Ya no recuerdo cuándo me empezó a cubrir la tierra las heridas. Se me olvidaron los cumpleaños de hace un siglo quizás. La tierra de la frontera arde durante el día y a la luz helada de la luna mis huesos hacen un ruido de madera que invoca a los gatos salvajes y asusta a las serpientes que tapan su cabeza con la cola para no mirar, para no saber nada más.
Recuerdo como en un sueño que me hubieran contado que era una niña bonita. Recuerdo que una amiga y yo falsificamos nuestras cédulas para poder trabajar. Siempre había necesidad en nuestras casas. Quería un vestido y unos hermosos zapatos nuevos, como los que nunca había tenido. Quería poder comprarle al chamaquito algún juego que fuera suyo para siempre, a mamita darle descanso, que no tuviera que trabajar en una lavandería y una taquería.

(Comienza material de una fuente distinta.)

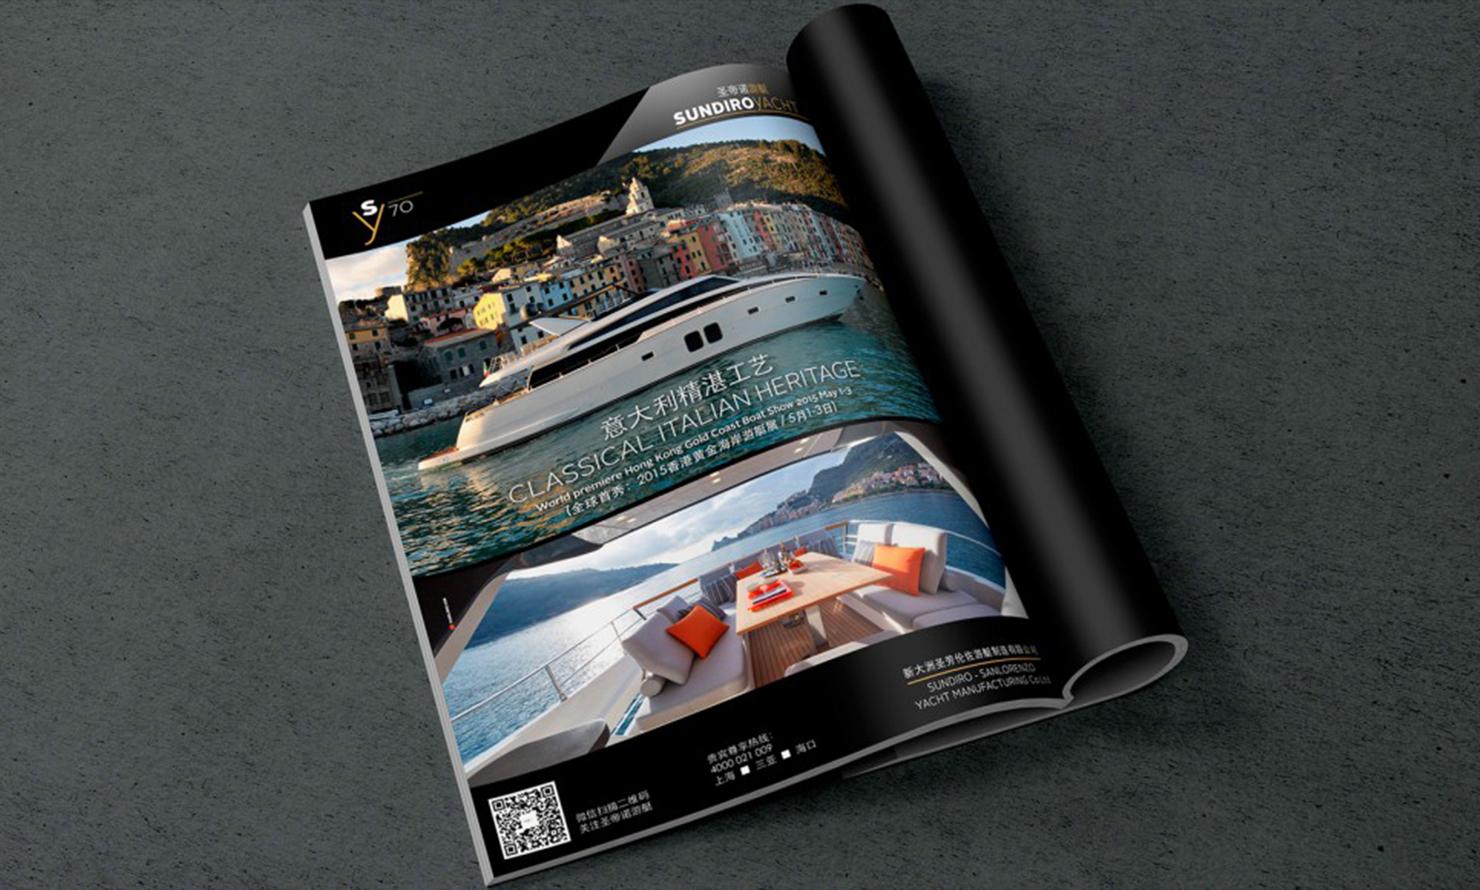 https://www.kubelibre.com/uploads/Slider-work-tutti-clienti/sundiro-yacht-l-eccelenza-italiana-sbarca-in-cina-4.jpg

Quería que sus manos volviesen a verse suaves y deshinchadas y cuando me contrataron para la maquiladora me sentí dichosa. Ya estudiaría cuando en casa pudiéramos comer y vivir decentemente.
Fue el primer y último día que trabajé en aquel infierno de muchachas tristes, capataces de látigo y gringos sonrientes de manos largas y lengua viscosa de lagarto venenoso. Subí a aquella camioneta y se hizo la oscuridad en la que mis huesos se entremezclan con raíces y larvas. En el cráneo que adornaba mi brillante melena negra anidó este año la serpiente y de mis cuencas vacías partió una legión de diminutas culebritas. Ya comieron mi carne los coyotes y los gusanos, ya quedaron mis huesos tan blancos que hacen envidiar al nácar y al alabastro. Desde este silencio sólo roto por el aullido de los coyotes y el sisear de las serpientes, desde esta negrura pura en la que mil soles no podrían penetrar, intento recordar todo aquello que sea posible porque si dejo de recordar me convertiré en nada, en la nada que decidieron para mi aquellos hombres sin alma ni entrañas. Tengo un vago recuerdo del daño que me hicieron, pero el recuerdo más nítido que tengo es el último: el momento en que dejé de aferrarme a la vida, batalla que ya estaba decidida, con mis pequeñas manos. Dejaron de dolerme los cortes, las quemaduras, los desgarros, los puñetazos. Deje de escuchar sus palabras soeces y repugnantes, deje de olerlos y desapareció la náusea, dejo de dolerme la superficie de mi piel y lo que bajo ella, roto o magullado, se contenía. Me dormí y permanezco en este silencio alerta al crecer de las raíces del cactus, al escarbar del gato, al zumbido del insecto, a las cosquillas que me hacen las serpientes en los huesos. Desde aquí se escucha el viento y aunque hace frío no siento miedo. He olvidado casi a todos a los que quise, igual que he olvidado prácticamente mi vida entera. No sé si me gustaba jugar o a qué. No recuerdo si me gustaba cantar o bailar, no existe un chico que haga que mis huesos enloquezcan y hagan música por su amor.

Mi tormento es saberte sola. Rezo a Dios para que la espera sea corta.